## TASK REQUIREMENTS:
Directions for the data below: repeat exactly the lines from the one with "Materials: Coated canvas" through the one with "Mercedes G-Wagon AMG", both included, and omit all pictures.

## EXTRACTED ENTRIES:

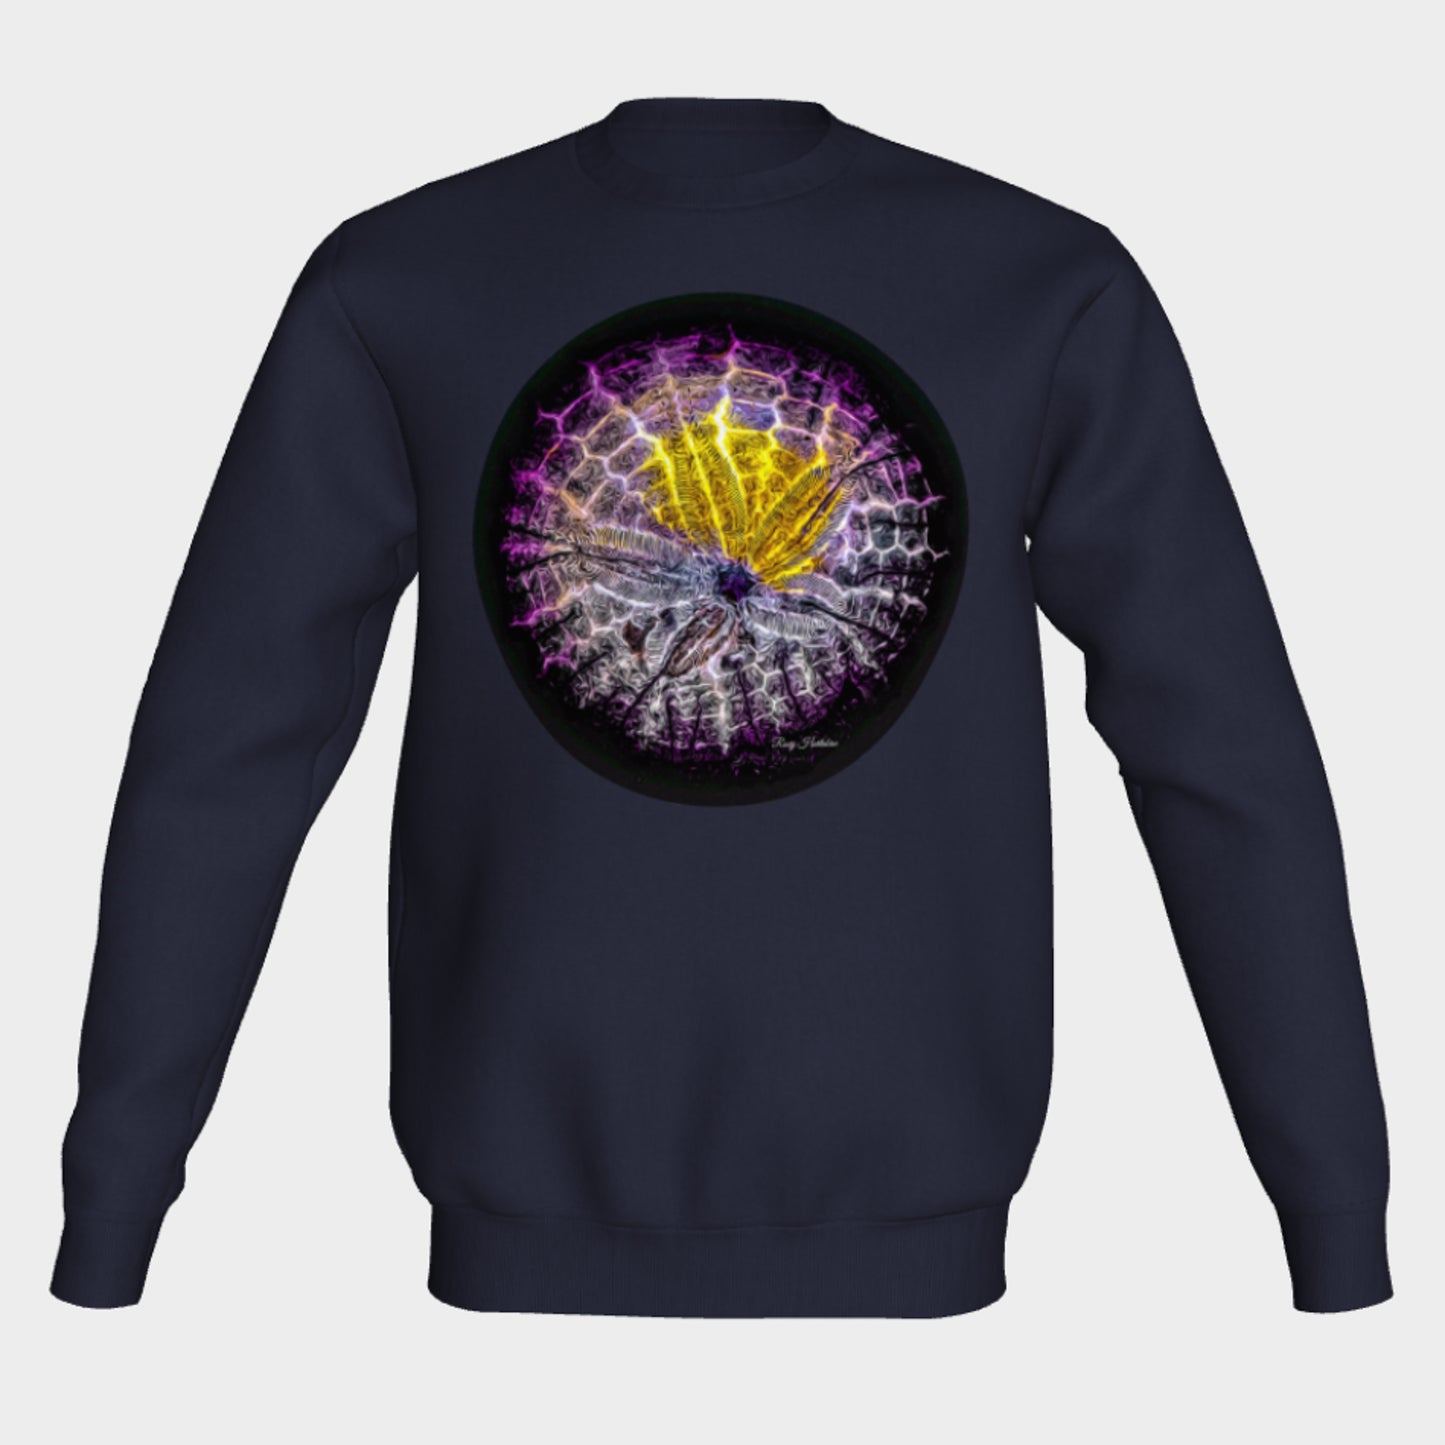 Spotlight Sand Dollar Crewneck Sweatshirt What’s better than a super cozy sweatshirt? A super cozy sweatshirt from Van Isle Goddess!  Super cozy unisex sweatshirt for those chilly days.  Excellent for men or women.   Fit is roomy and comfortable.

---

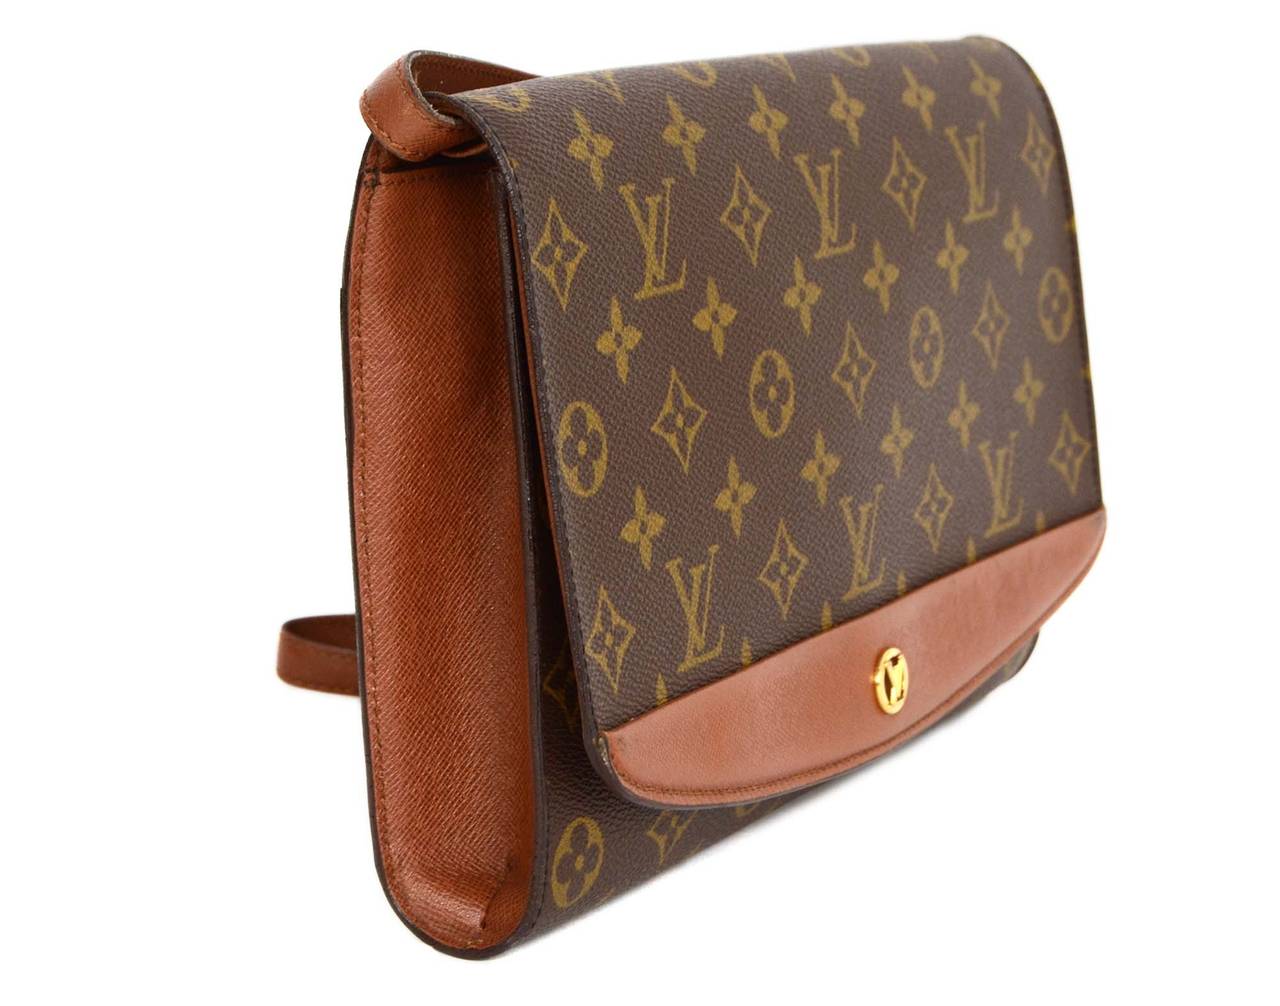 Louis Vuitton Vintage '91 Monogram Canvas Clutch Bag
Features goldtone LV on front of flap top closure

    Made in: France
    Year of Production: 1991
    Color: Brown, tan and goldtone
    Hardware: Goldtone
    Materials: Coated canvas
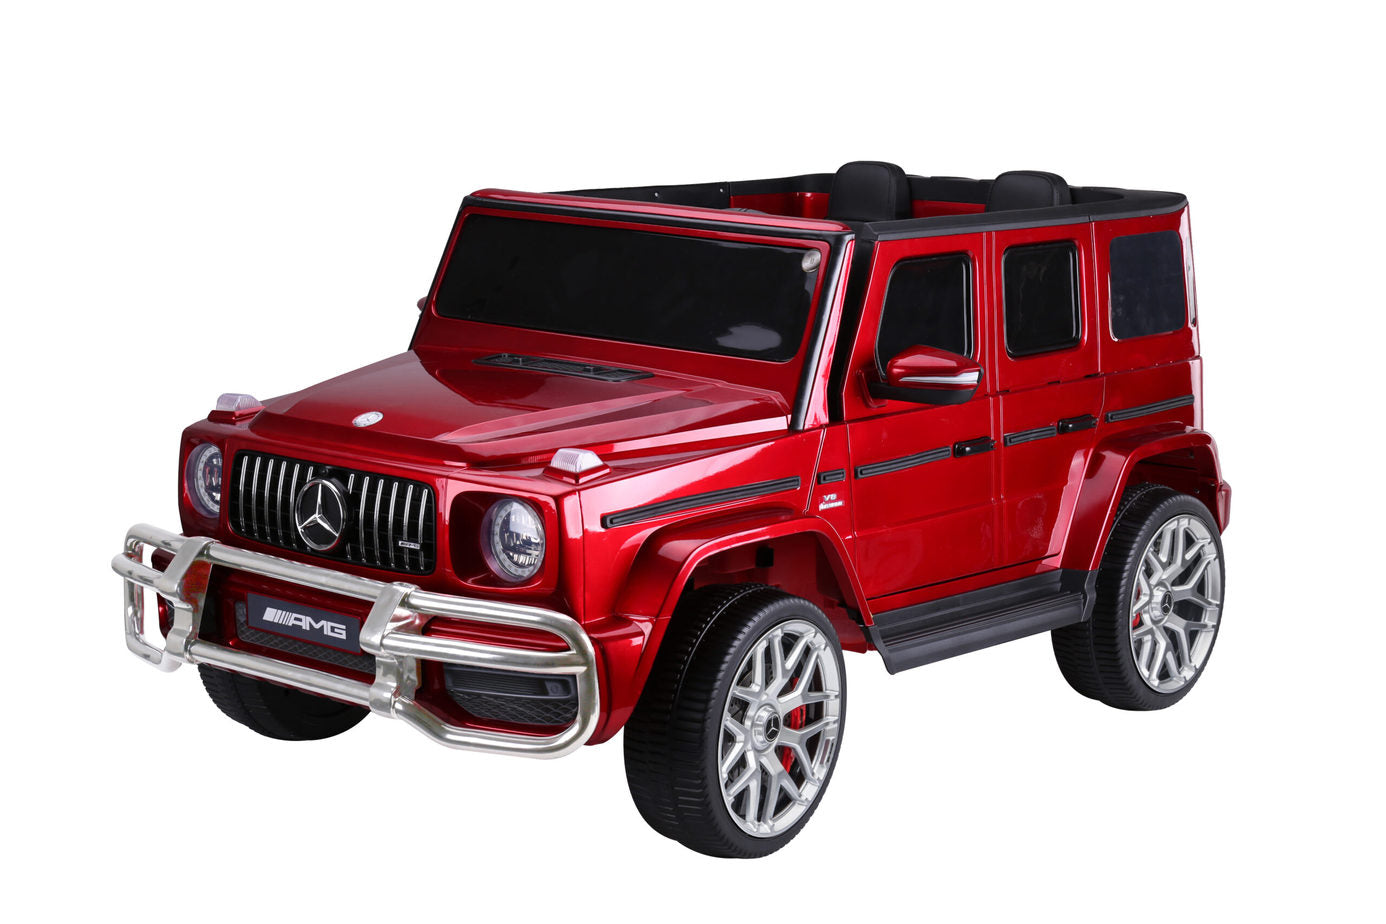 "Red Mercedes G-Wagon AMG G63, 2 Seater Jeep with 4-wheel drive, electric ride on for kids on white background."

==

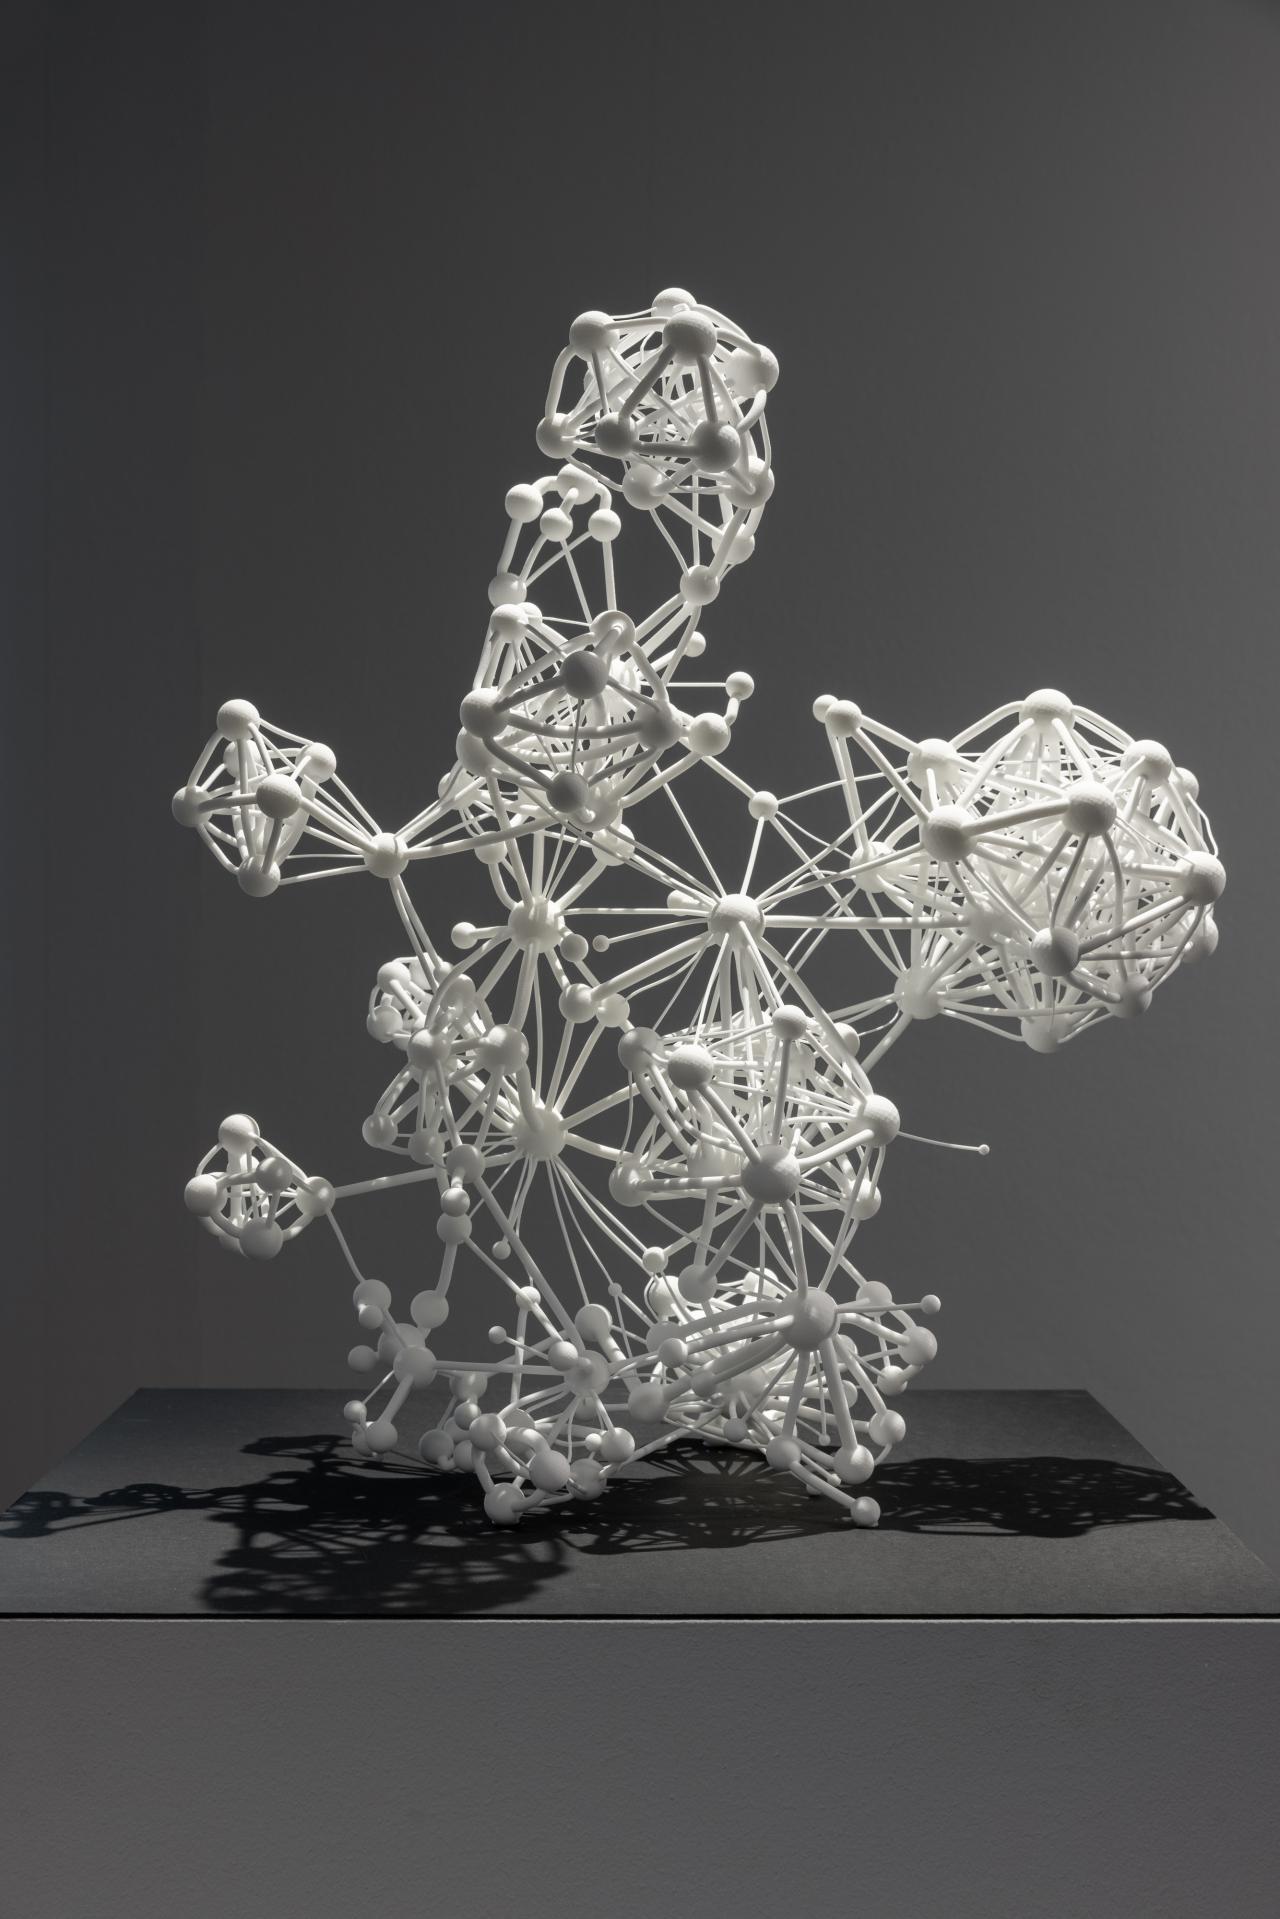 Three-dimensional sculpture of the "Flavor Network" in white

## RESPONSE AREA:
    Materials: Coated canvas
 "Red Mercedes G-Wagon AMG G63, 2 Seater Jeep with 4-wheel drive, electric ride on for kids on white background."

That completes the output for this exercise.